With the pictures left out, write out exactly the lines of the listing below that run from the line with "Automatic toilet Doors opener installation" through the line with "Program_CNR_2019_final__23,09,19_________________page-0024".

RECORDS FOR THE EXERCISE —
*** Begin section ***
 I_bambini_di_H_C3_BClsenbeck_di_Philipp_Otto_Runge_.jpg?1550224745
*** End section ***
*** Begin section ***
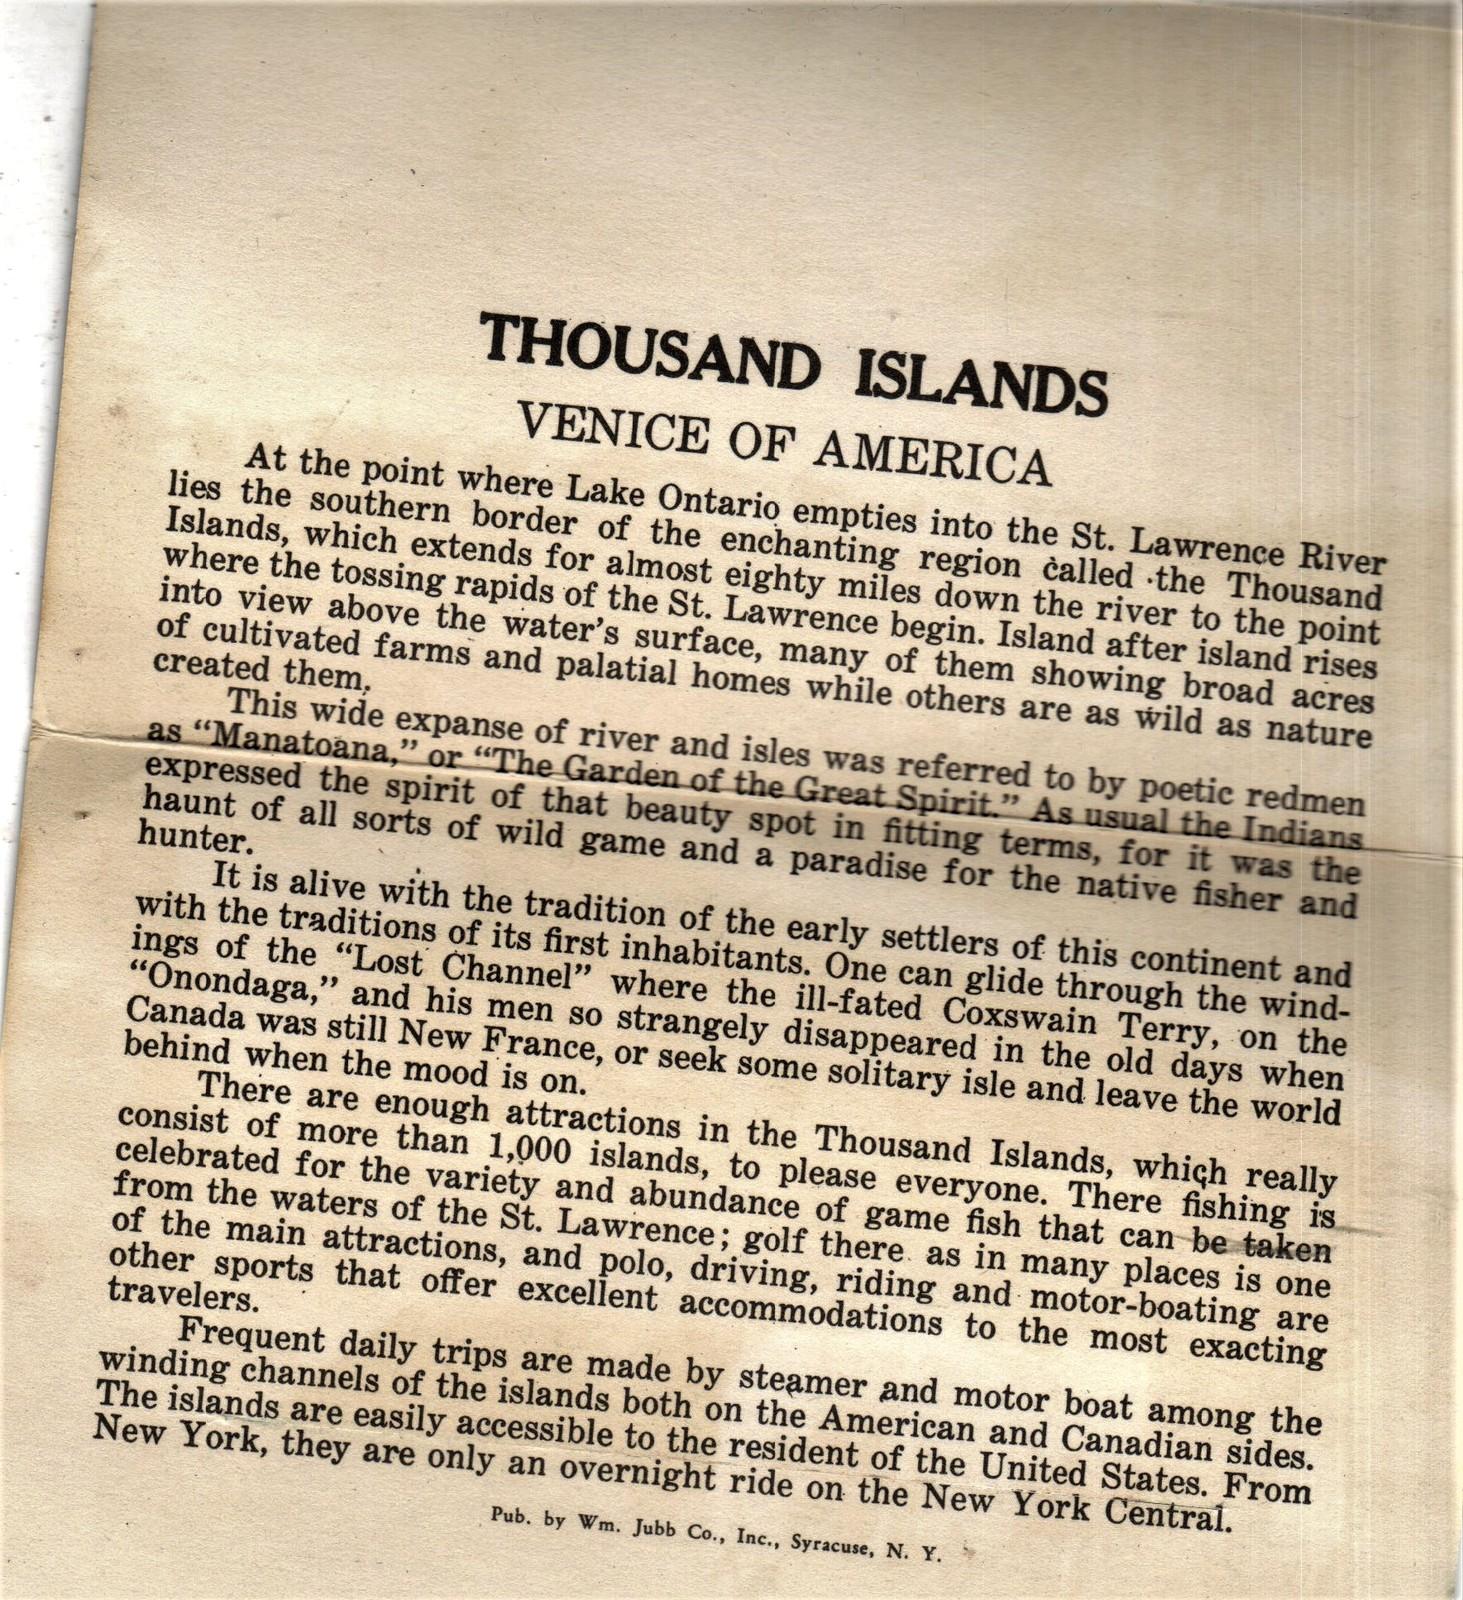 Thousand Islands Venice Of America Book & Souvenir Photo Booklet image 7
*** End section ***
*** Begin section ***
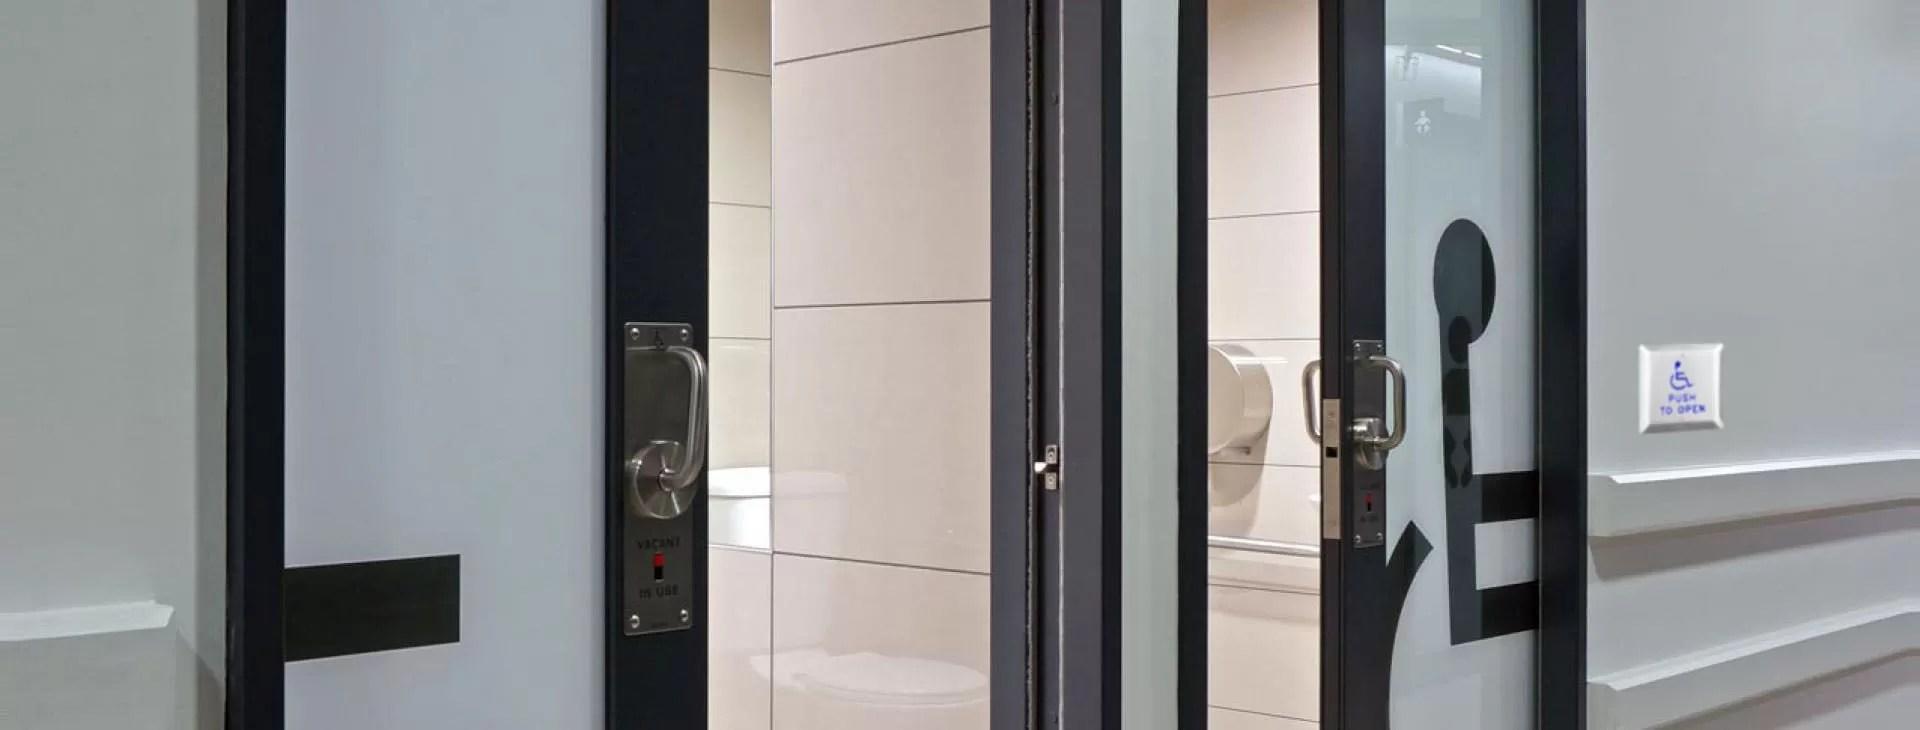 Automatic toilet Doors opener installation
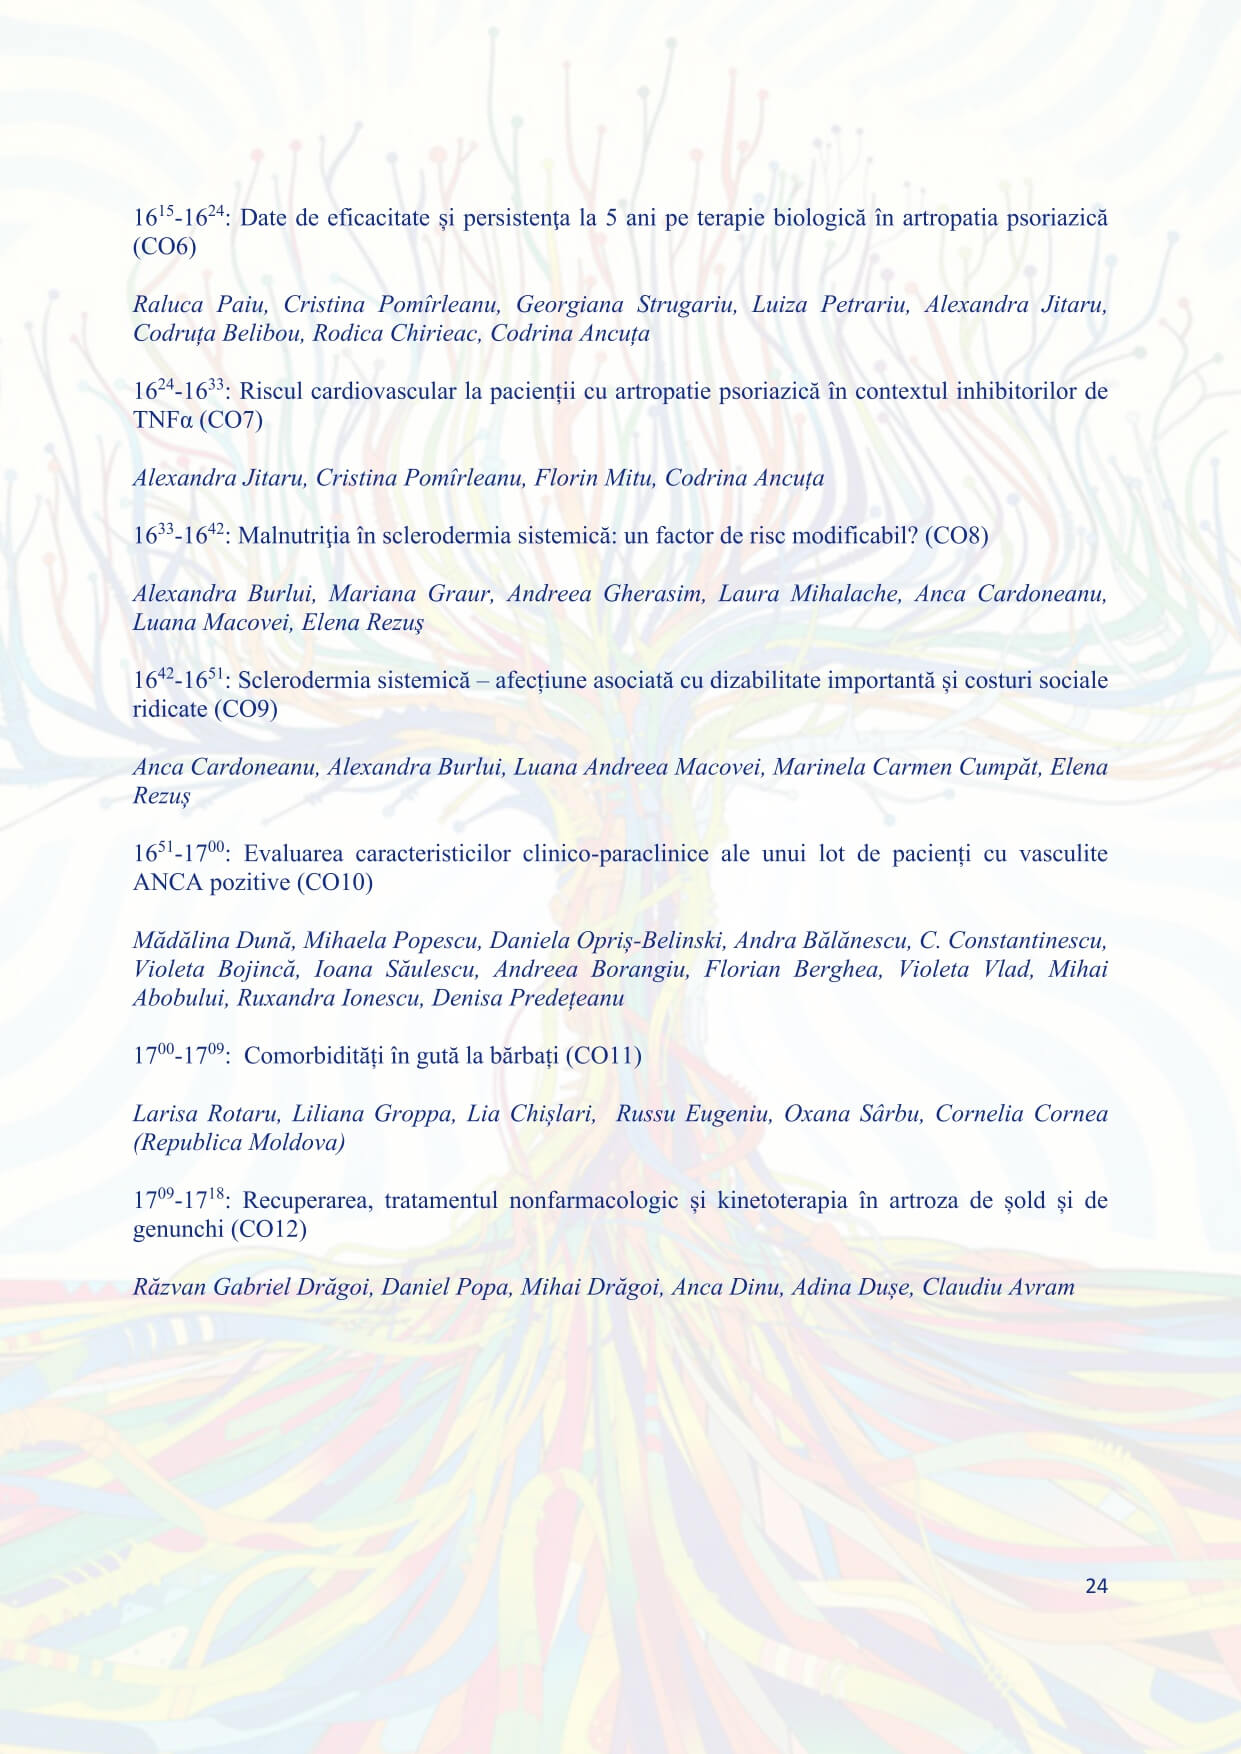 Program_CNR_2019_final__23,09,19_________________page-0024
*** End section ***
ANSWER BOX —
 Automatic toilet Doors opener installation
 Program_CNR_2019_final__23,09,19_________________page-0024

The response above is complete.